Table 5 OLS, spatial lag, spatial error, and SAC models estimate on COVID-19 confirmed cases until the end of July (without ethnicity)
Table 6 OLS, spatial lag, spatial error, and SAC models estimate on COVID− 19 confirmed cases until the end of July (with ethnicity)

6 Conclusion

This paper studies the impact of the poverty rate on the spread of COVID-19 viruses and related deaths caused by the virus across space and time using the best available data as of July 2020. Poverty leading to more physical interaction, incapacity to provide access to health care treatment, and job-related public behavior highly correlated with more infections and deaths in the U.S. Poverty related to limited economic activities is not the dominant factor leading to the containment of this infectious disease. Although we did not measure these poverty-related factors—hypermobility versus limited economic activity directly, we consider that these are the two main possibilities that can be driven by poverty in the context of infectious disease. This is an important contribution in the literature that provides systematic evidence in the developed world which is analogous to the evidence found in the developing world. Therefore, the local government and the Federal Government must be prepared to minimize the disproportional costs to poor people and minorities. Solutions are not only in creating infrastructure to provide easy access to health care services to all but also better coordination among housing, social welfare programs, food access, and other social protections so that public health responses are immediately effective and there are enough incentives for low-income people to maintain physical distancing and adjust job-related public behavior.
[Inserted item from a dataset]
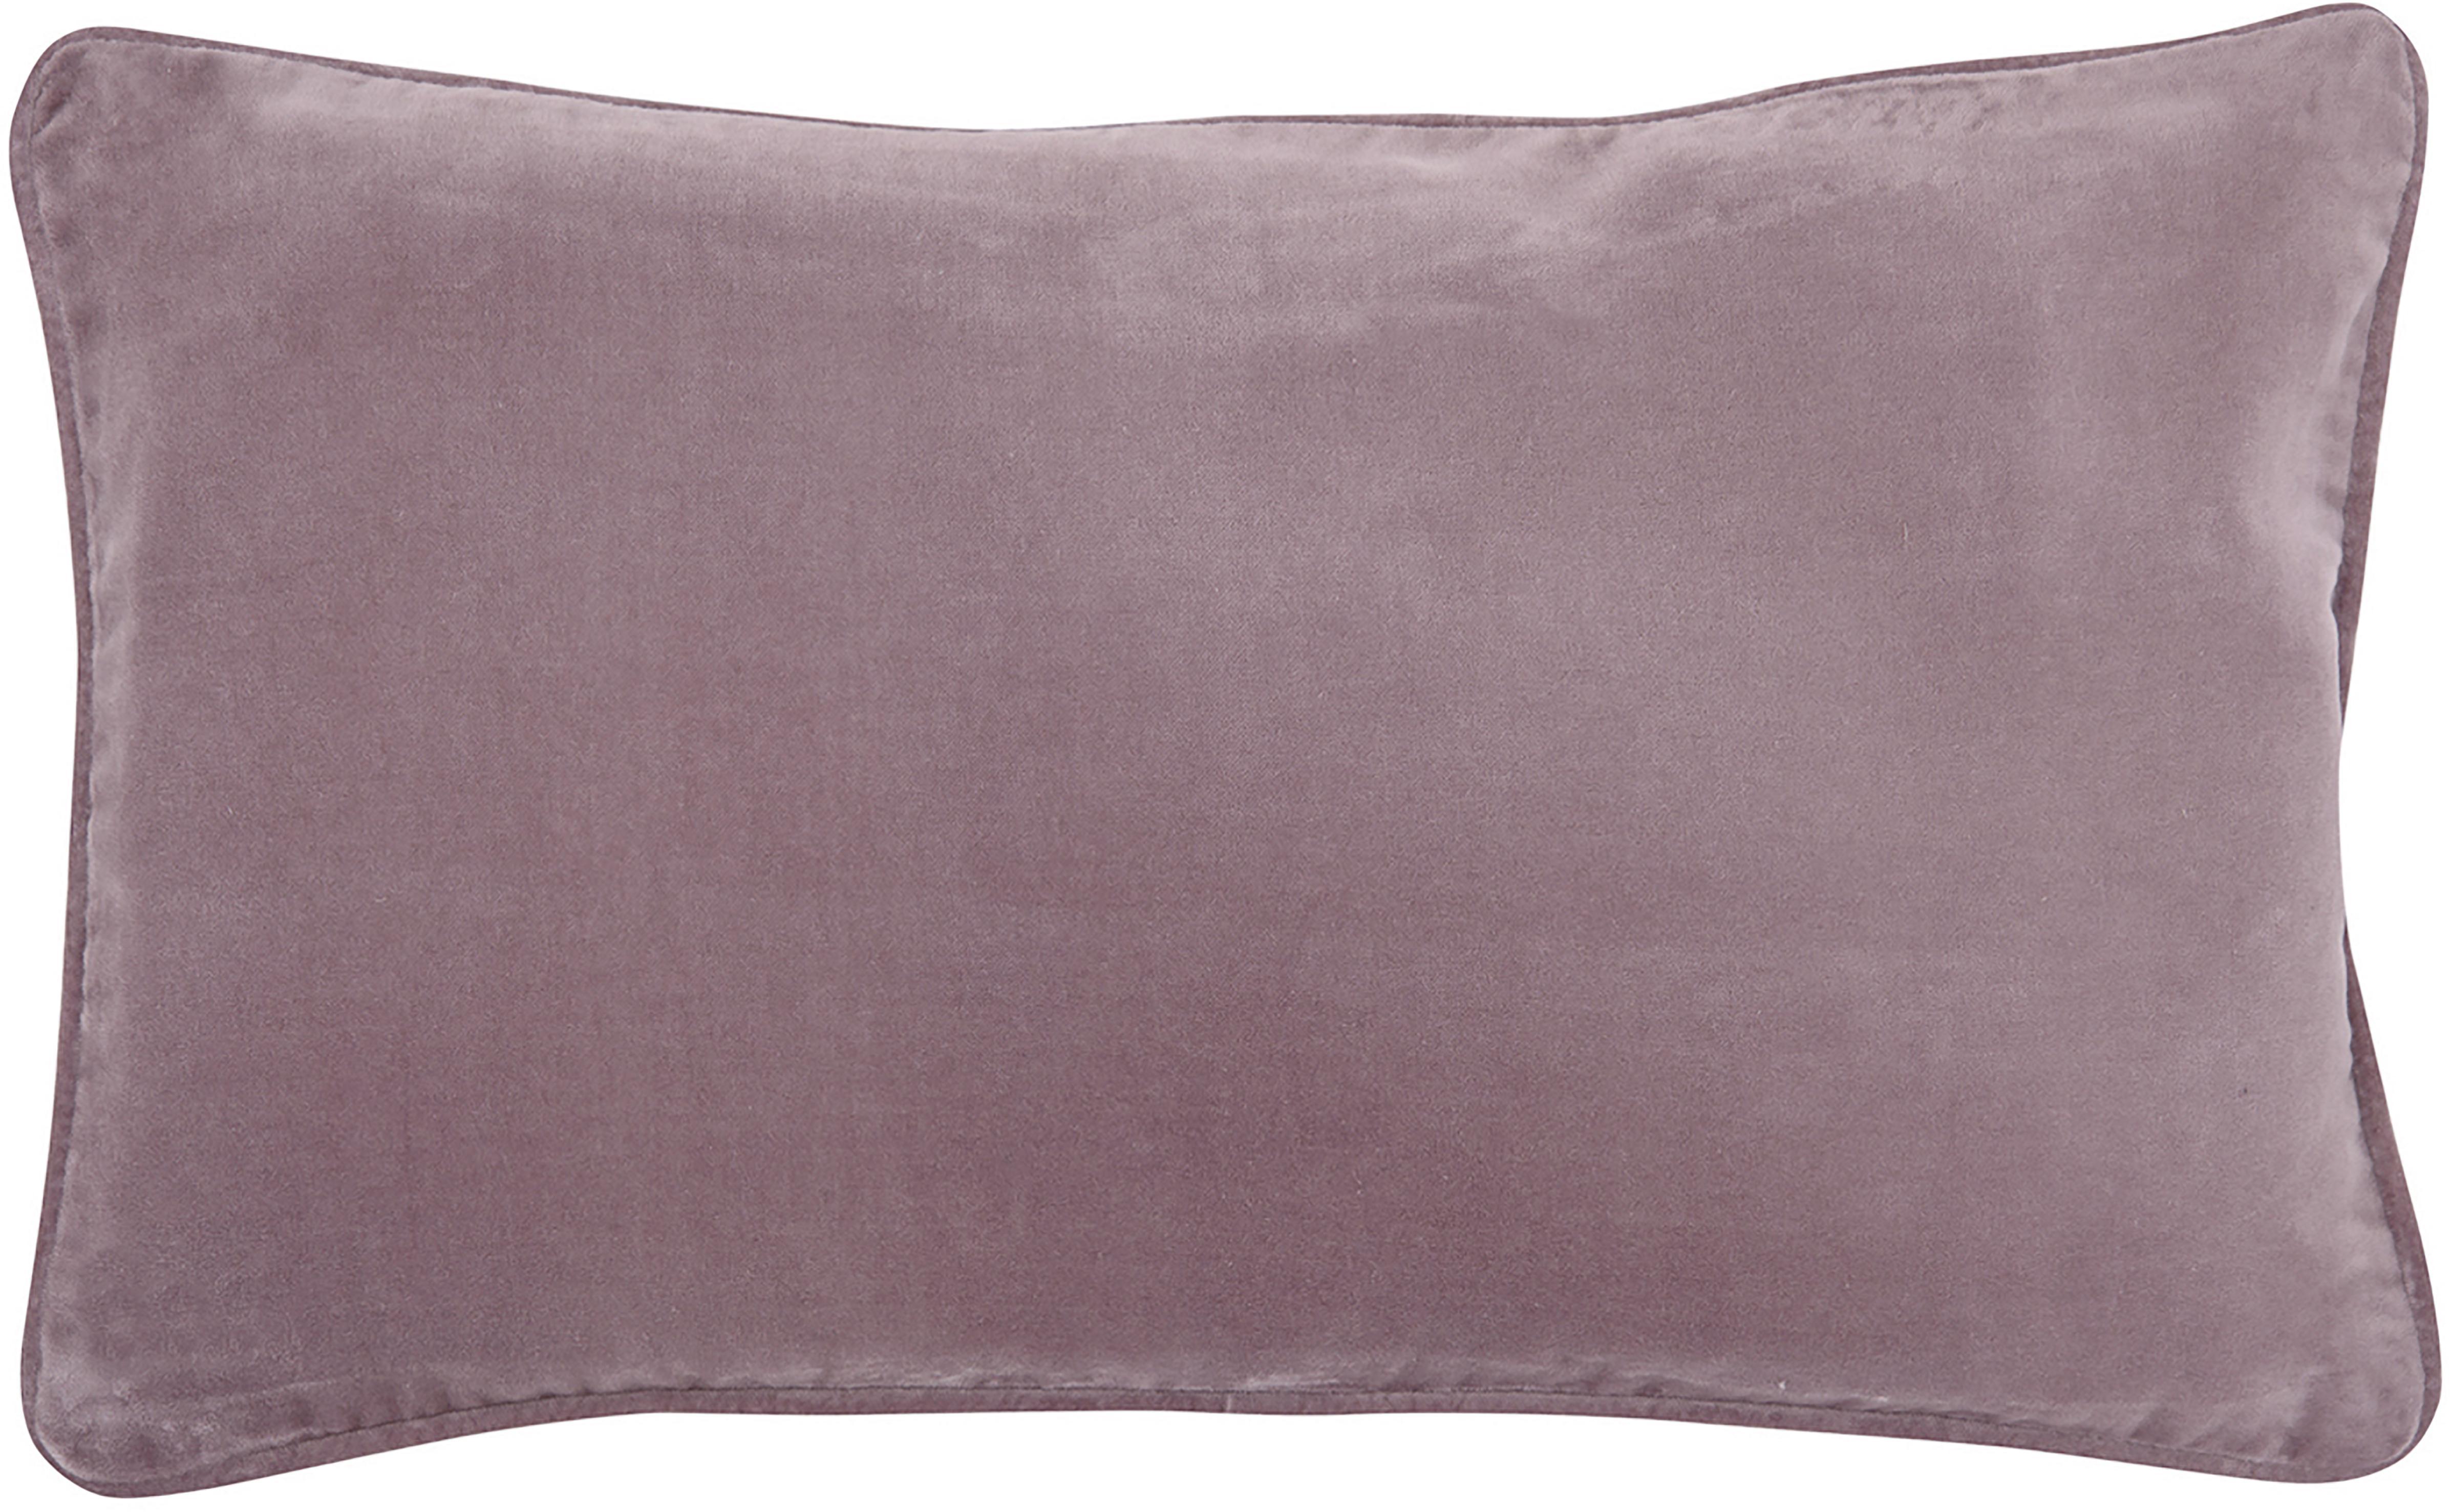 Poszewka na poduszkę z aksamitu Dana, 100% aksamit bawełniany, Brudny różowy, S 30 x D 50 cm

We must acknowledge some limitations and we should keep in mind while we explore these results. To detect a causal relationship between poverty and COVID-19, it would be better if we could have panel data where we would control for the time fixed effect to avoid any role of unusual time trend issues (i.e., spike in unemployment rate for business closures) and county fixed effect to control for both observable and unobservable time-invariant factors that can cause differences in impacts of COVID-19. Although our multi-level data allowed us to control for state fixed effects and, to minimize the suspicion of “wave effect” related to the timing of the pandemic, we also conducted the robustness analysis. We did this by disaggregating COVID-19 data by month, deploying multi-level and spatial autoregressive model estimation but it is not equivalent to a panel data analysis. We also did not have county-level COVID-19 hospitalization data, which is an alternative measure of infectious disease. It would also be better if we had infection and death data by age, gender, and ethnic groups. Future research should integrate hospitalization and more closely disaggregated COVID-19 data and hence causal control, and this would provide potential reinforcement of our interpretations. Future analysis should also focus on more micro-level information that discerns more about incapacity to provide adequate health care measure and jobs-related exposure behavior that together are correlated with poverty. This could be done by linking employment information, economic sectors by county such as food processing, meat slaughter, and packaging plants, location of homes for the aged, or separate age effects from poverty since they are likely highly correlated. It would appear from our analysis that the public mobility data between counties applied to poverty regions might also be of value.